Masalah papua adalah masalah usang yang tidak pernah terselesaikan sejak dulu oleh negara. Insiden yang terjadi di kota Surabaya, Malang dan Semarang adalah kejadian yang sudah sepersekian kali terjadi dengan motif maupun kasus yang tidak jauh berdeda.
Jikapun negara mengakui bahwa Papua adalah salah satu wilayah dalam lingkup negara kesatuan republik Indonesia (NKRI), maka sudah sepatutnya memperlakukan masyarakatnya secara adil sama seperti masyarakat Indonesia pada umumnya.
Sebagai daerah dengan kekayaan alam yang berlimpah, memang Papua akan selalu jadi bahan perbincangan yang paling sexy di negeri ini terlebih diskala multinasional khususnya bagi negara-negara imperium yang sudah sejak dulu memang menginginkan kandungan alam di bumi Papua sebagai sasaran jarahan paling menguntungkan.
Idealnya, sumber daya yang berlimpah harusnya memberi manfaat bagi rakyat yang sedang melangsungkan hidup didalamnya agar tidak ada lagi teriakan penderitaan maupun kemiskinan. Namun pada kenyataannya harapan itu hanya pada batas ekspektasi kosong.
Secara eksplisit sebenarnya masalah di Papua adalah soal ekonomi dan politik.
Kenyataan secara ekonomi, katakanlah PT. Freeport pada tahun 2017 memiliki keuntungan Rp 44 triliun yang merupakan hasil dari menggeruk isi perut bumi Papua. Walaupun besaran keuntungan itu jauh melebihi pendapatan asli daerah papua bahkan jika digabungkan antara provinsi Papua dan Papua barat yang perolehan keuntungannya tidak lebih dari Rp 25 triliun. Besaran keuntungan itu sama sekali tidak dirasakan masyarakat papua, justru sebagian besar mengalir pada kantong-kantong segelintir orang saja.
Dalam hal ini, sebaiknya negara perlu memastikan akses rakyat papua terhadap ekonominya. Misalnya akses pada faktor-faktor produksi terutama mengenai tanah dan modal usaha bagi rakyat papua.
Tentu harus dengan cara mendorong reforma agraria yang menguntungkan rakyat, perlindungan terhadap tanah adat dan membatasi izin pemanfaatan tanah untuk perkebunan berskala luas. Dan jika pemerintahan saat ini fokus pada pemerataan dalam hal infrastruktur maka infrastruktur yang dibangun harusnya memberi manfaat pada masyarakat yang tentu saja syarat akan perbaikan ekonomi.

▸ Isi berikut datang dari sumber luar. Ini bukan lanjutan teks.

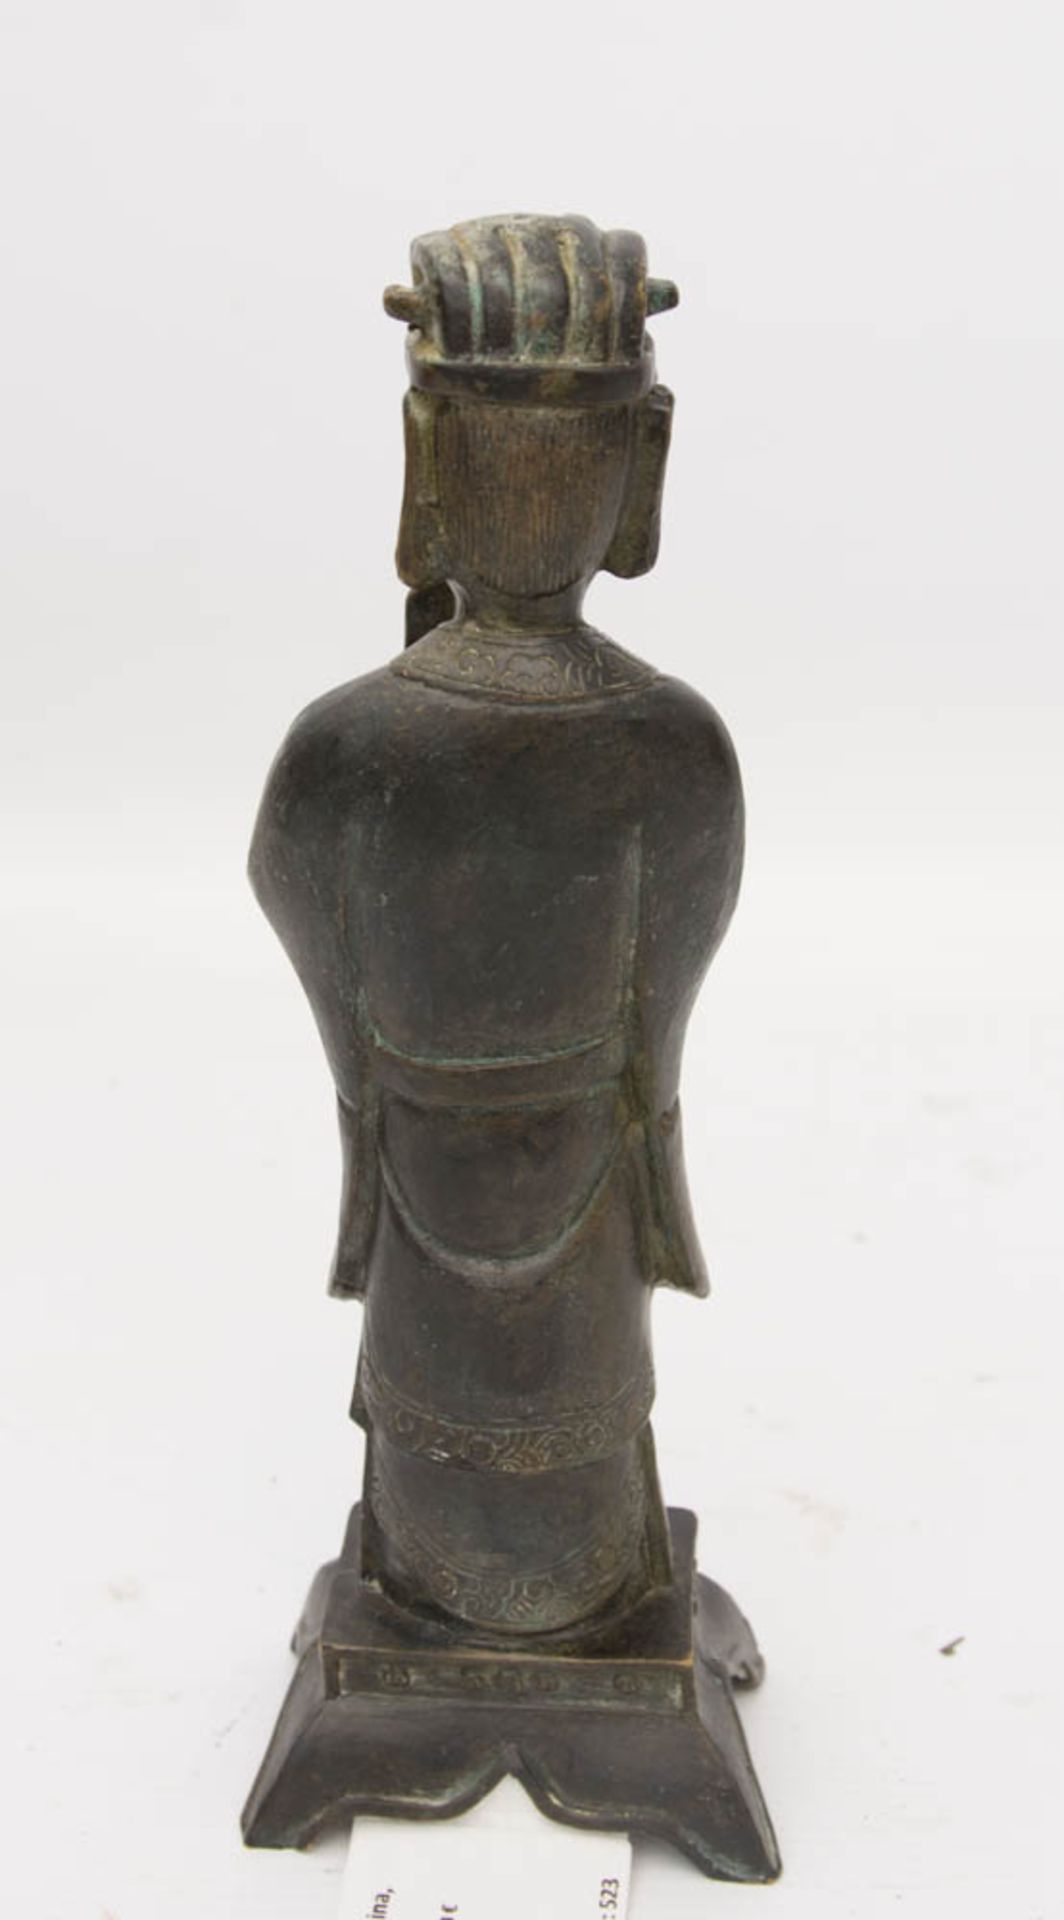 ASIATISCHER GELEHRTER, Bronze, China, 19./20. Jh.Sehr guter Erhaltungszustand.8 x 6 x 24 cm. - Bild 4 aus 5

Kemudian kenyataan secara politik, infrastruktur politik di Papua tidak bekerja secara efektif dalam hal merespon setiap tuntutan berupa berbagai keresahan dan persoalan masyarakat papua. Akibatnya, banyak aspirasi masyarakat papua tidak menemukan saluran politiknya.
Bahkan selama ini negara selalu mempertontonkan respon kekerasan dan militeristik terhadap setiap ekspresi politik masyarakat papua. alhasil melahirkan rentetan pelanggaran hak azasi manusia (HAM) yang justru semakin memperuncing konflik.
Dalam kasus ini, harusnya pemerintah dan masyarakat indonesia mengubah cara pandang atas persoalan papua dengan prinsip sosionasionalisme yakni mengedepankan kebangsaan dan kemanusiaan. Karena nasionalisme kita adalah soal membangun kesamaan nasib dan kehendak untuk bersatu demi cita-cita bersama untuk membangun sebuah negara yang merdeka adil dan makmur.